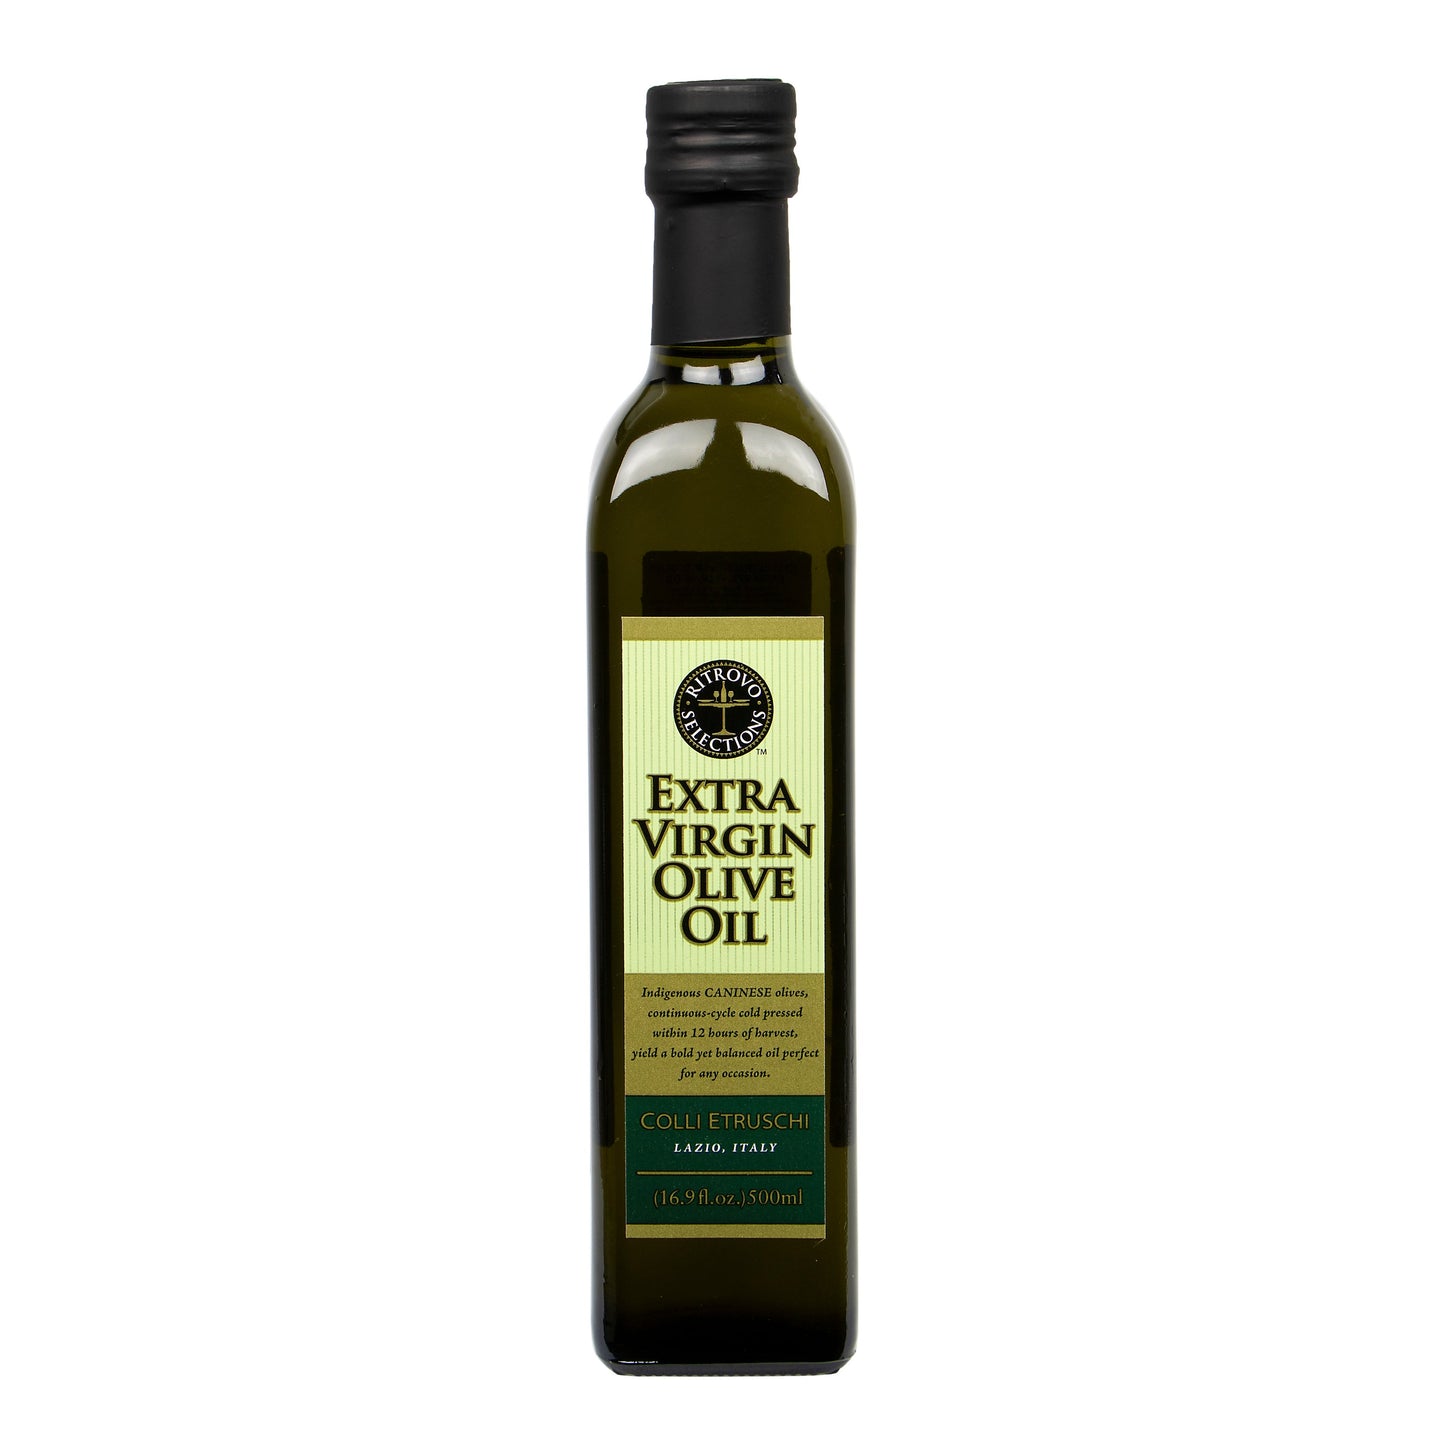 Colli Etruschi Chef's Selection Extra Virgin Olive Oil
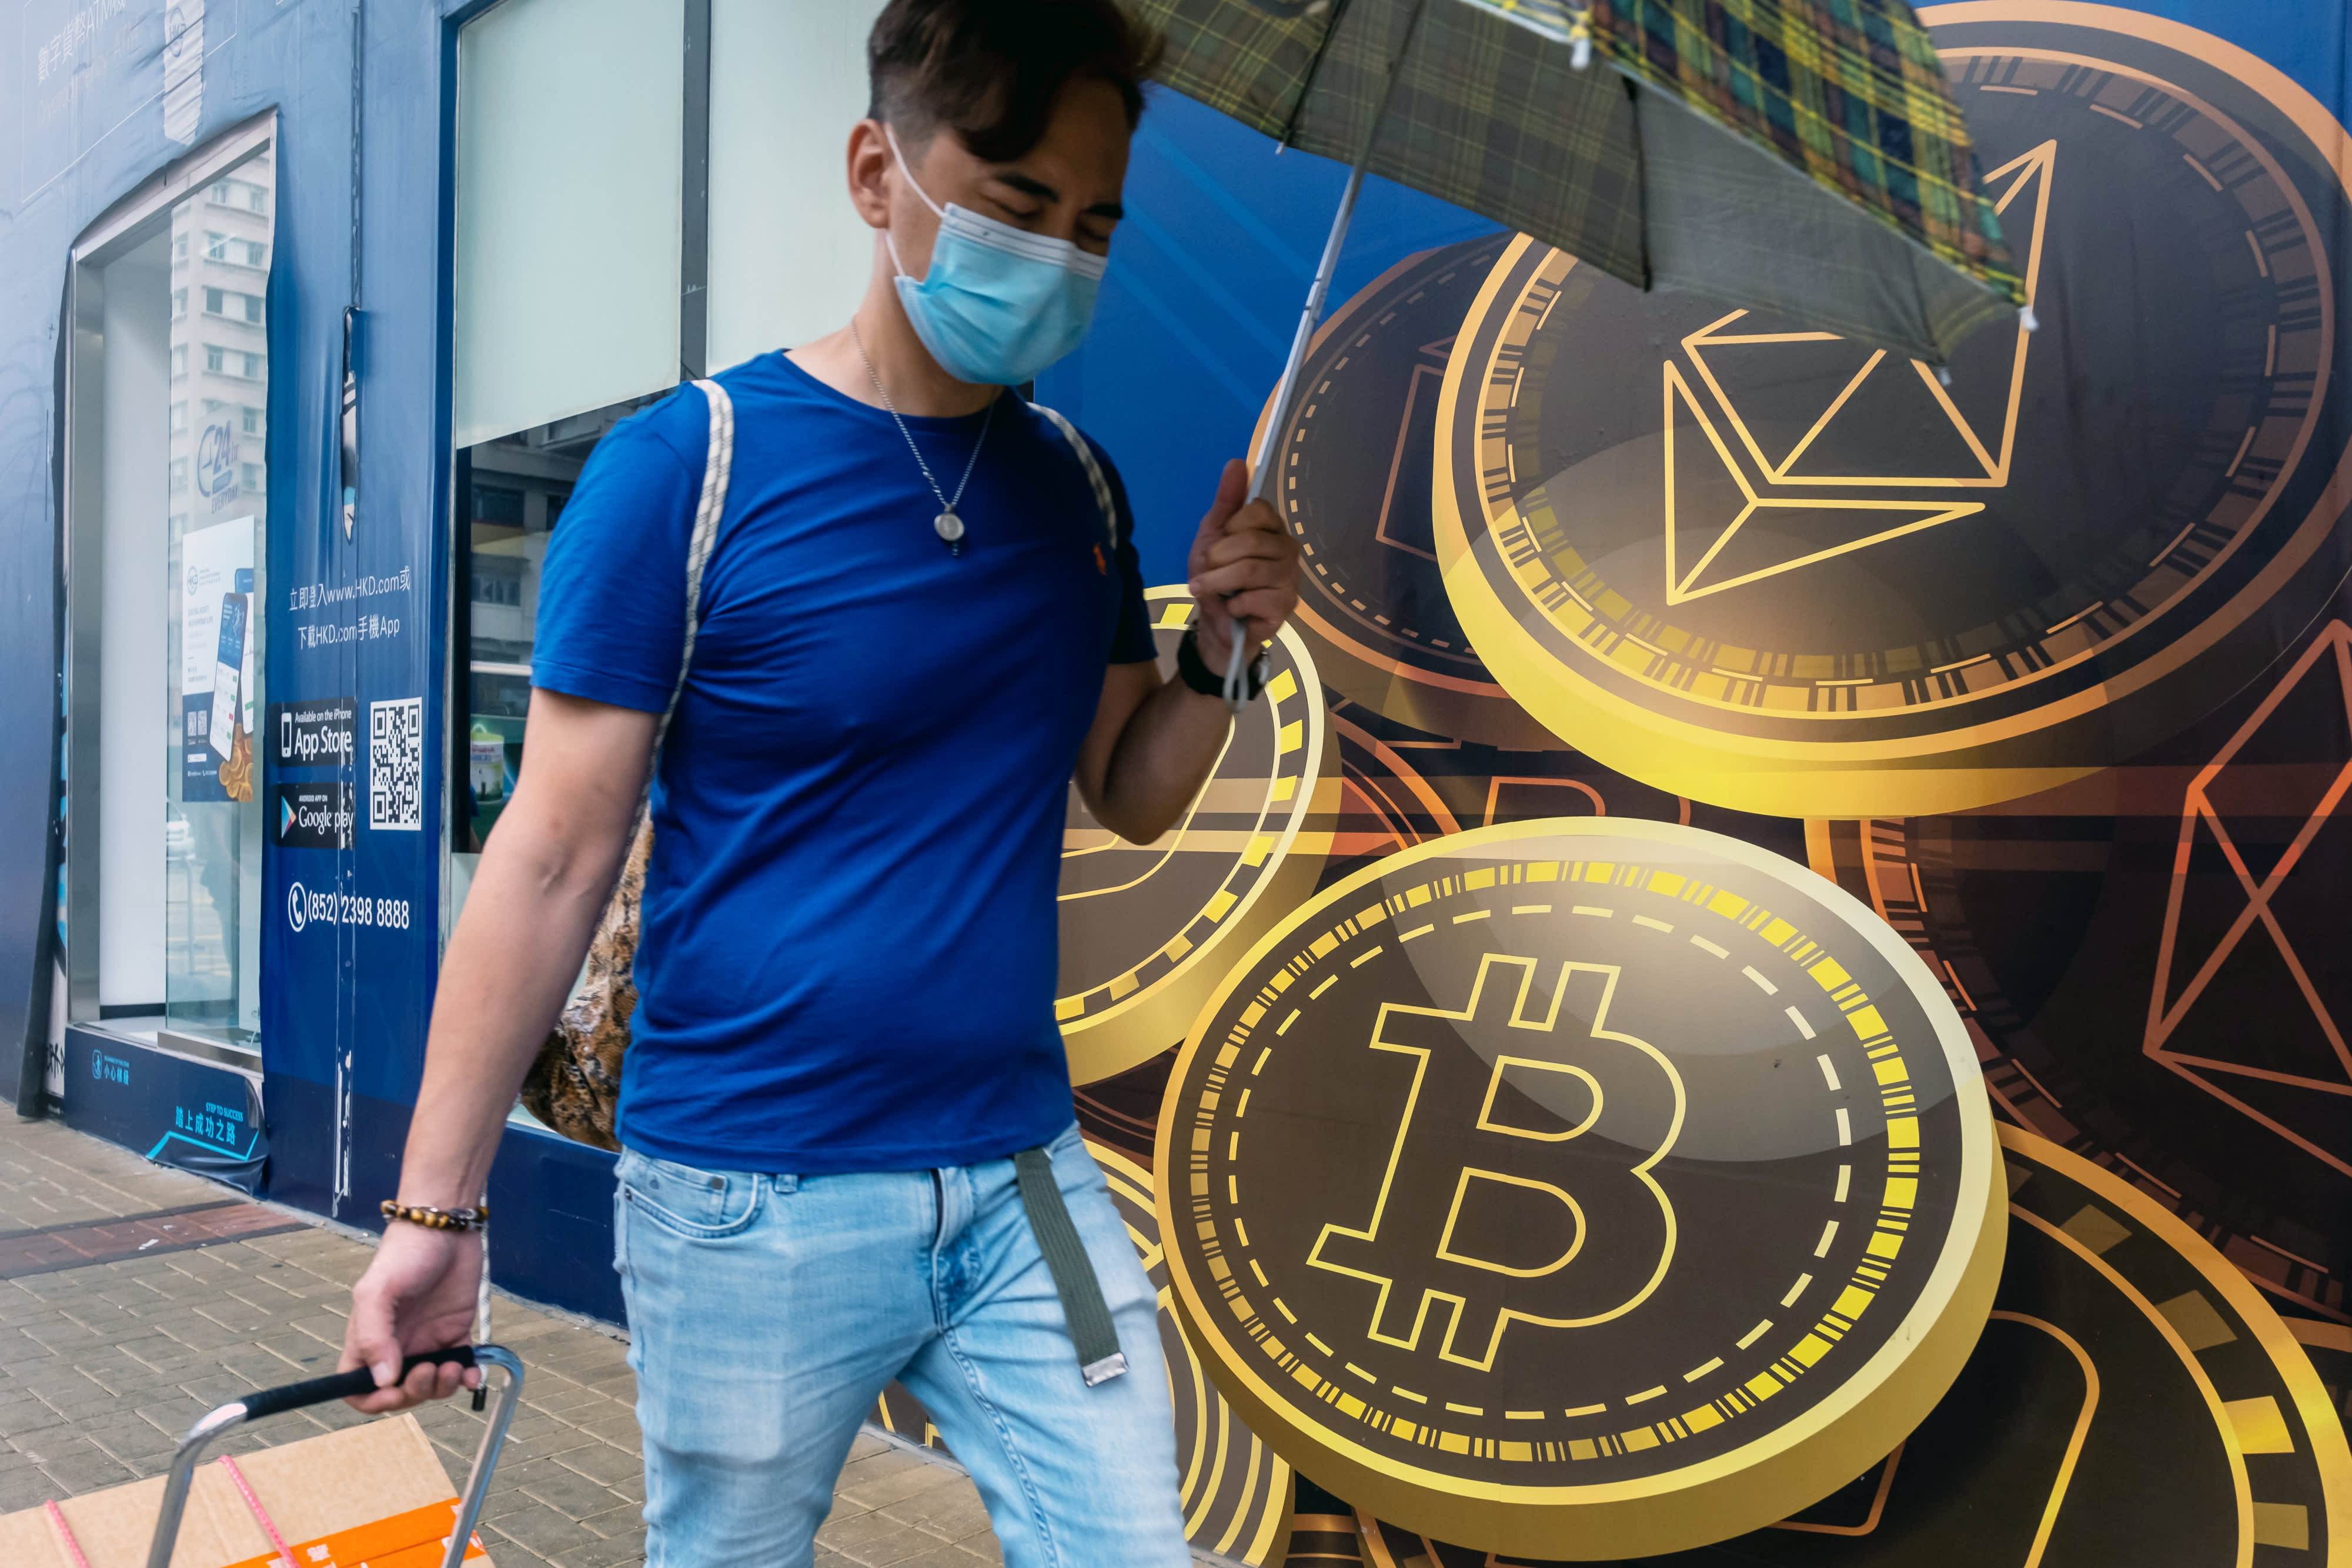 China's central bank renewed its tough talk on bitcoin Friday, calling all digital currency activities illegal and vowing to crack down on the ma
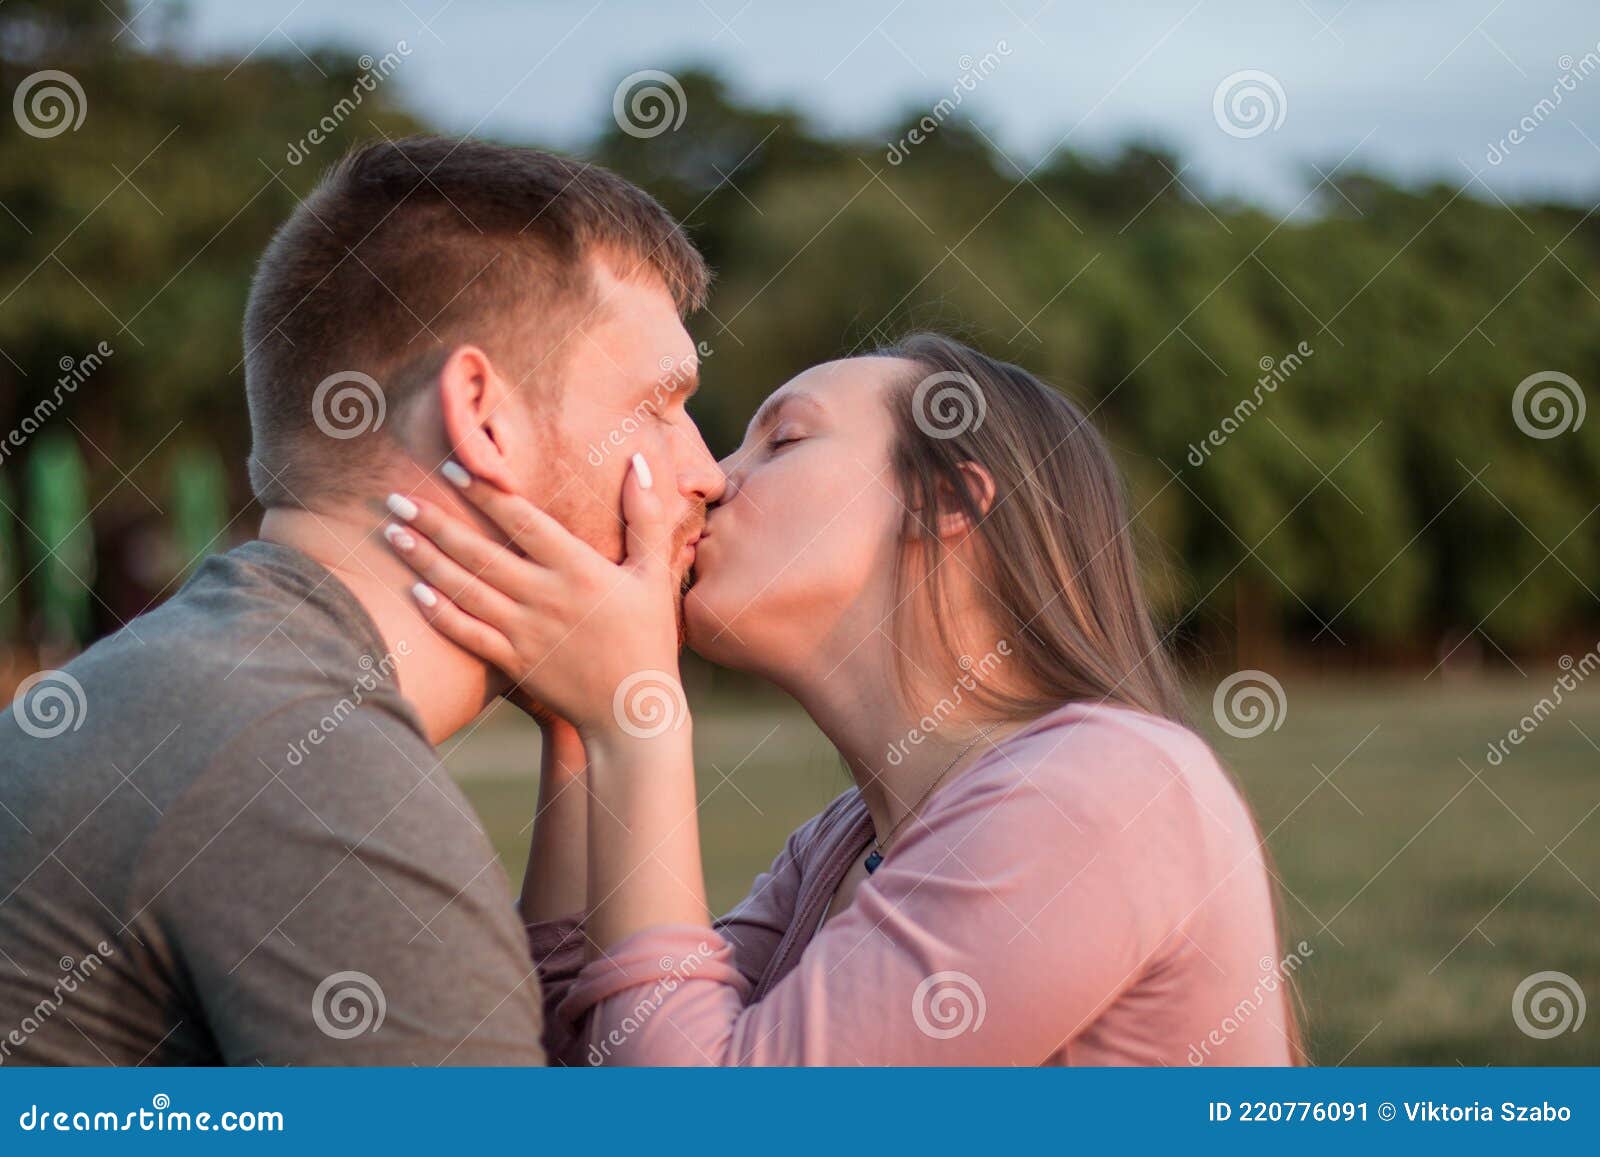 Young Couple in Love Sharing a Kiss at the Beach Stock Image pic
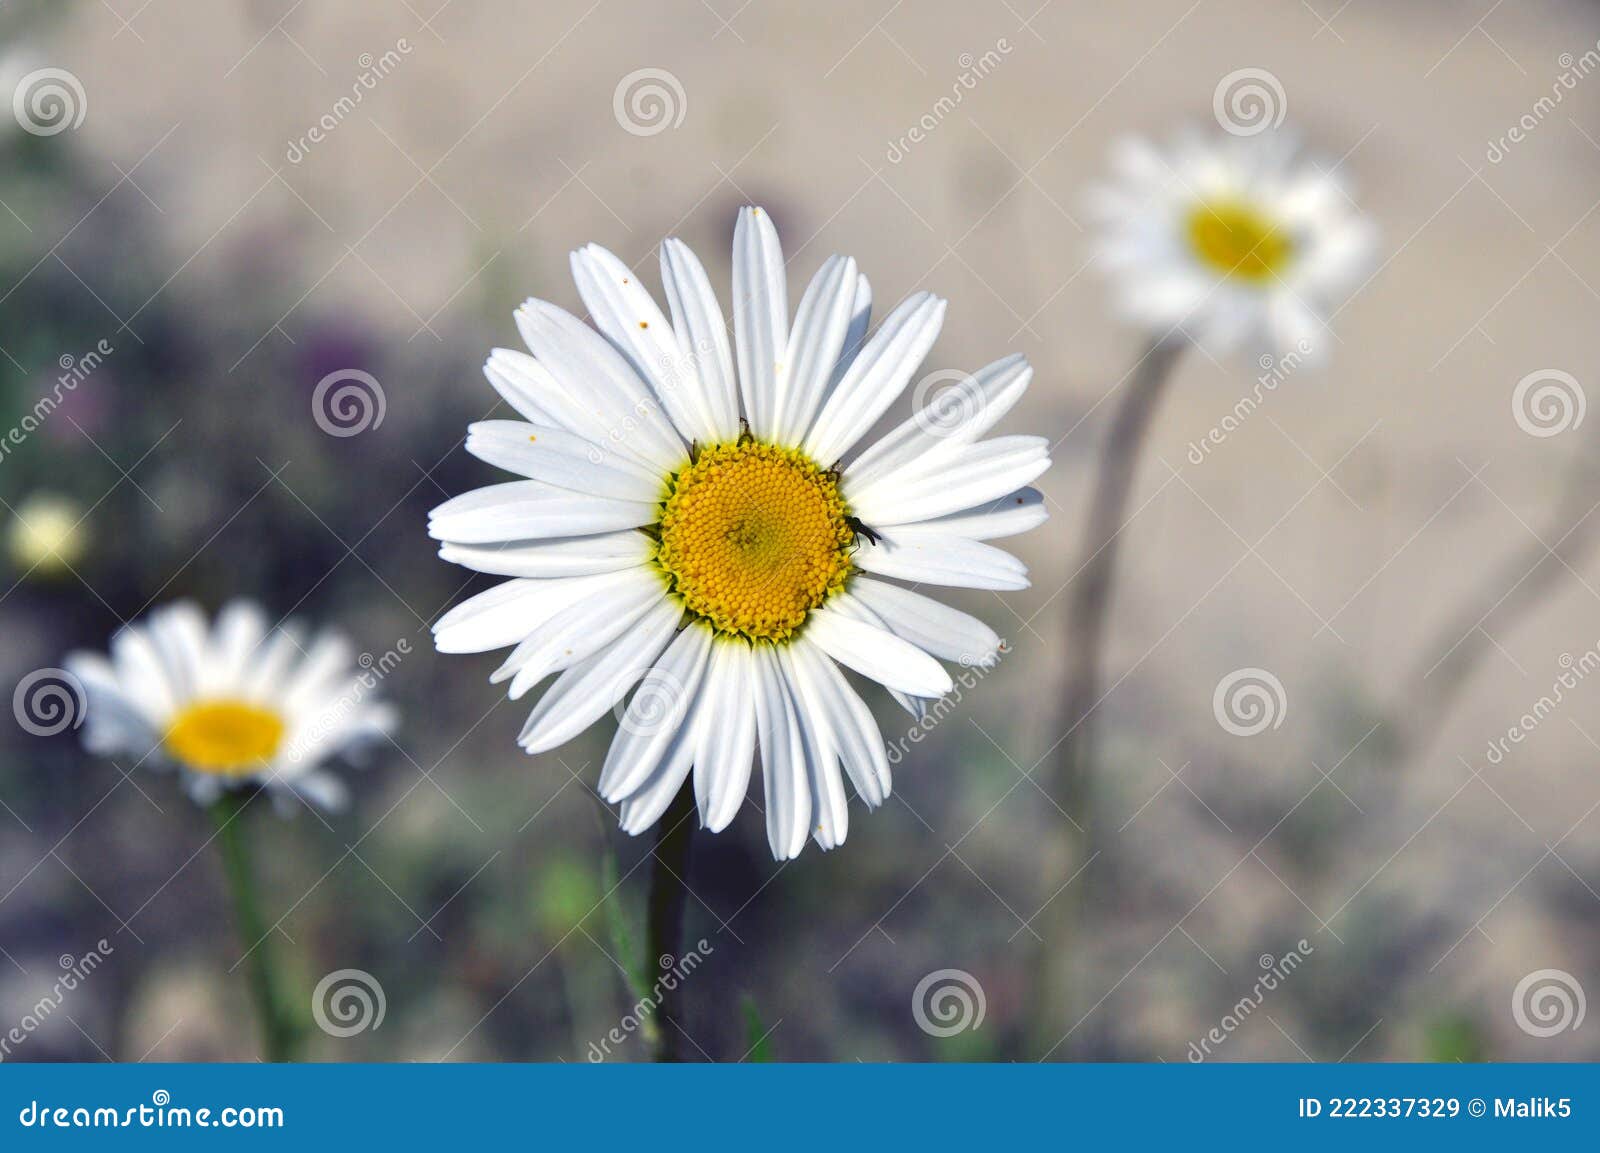 closeup of a little white daisy, perfectly round flower.

What to produce: All lines from the line containing "China's central bank" through the end of the listing above are to be given again exactly; pictures are not part of the copy.

Finished task:
 China's central bank renewed its tough talk on bitcoin Friday, calling all digital currency activities illegal and vowing to crack down on the ma
 Young Couple in Love Sharing a Kiss at the Beach Stock Image pic
 closeup of a little white daisy, perfectly round flower.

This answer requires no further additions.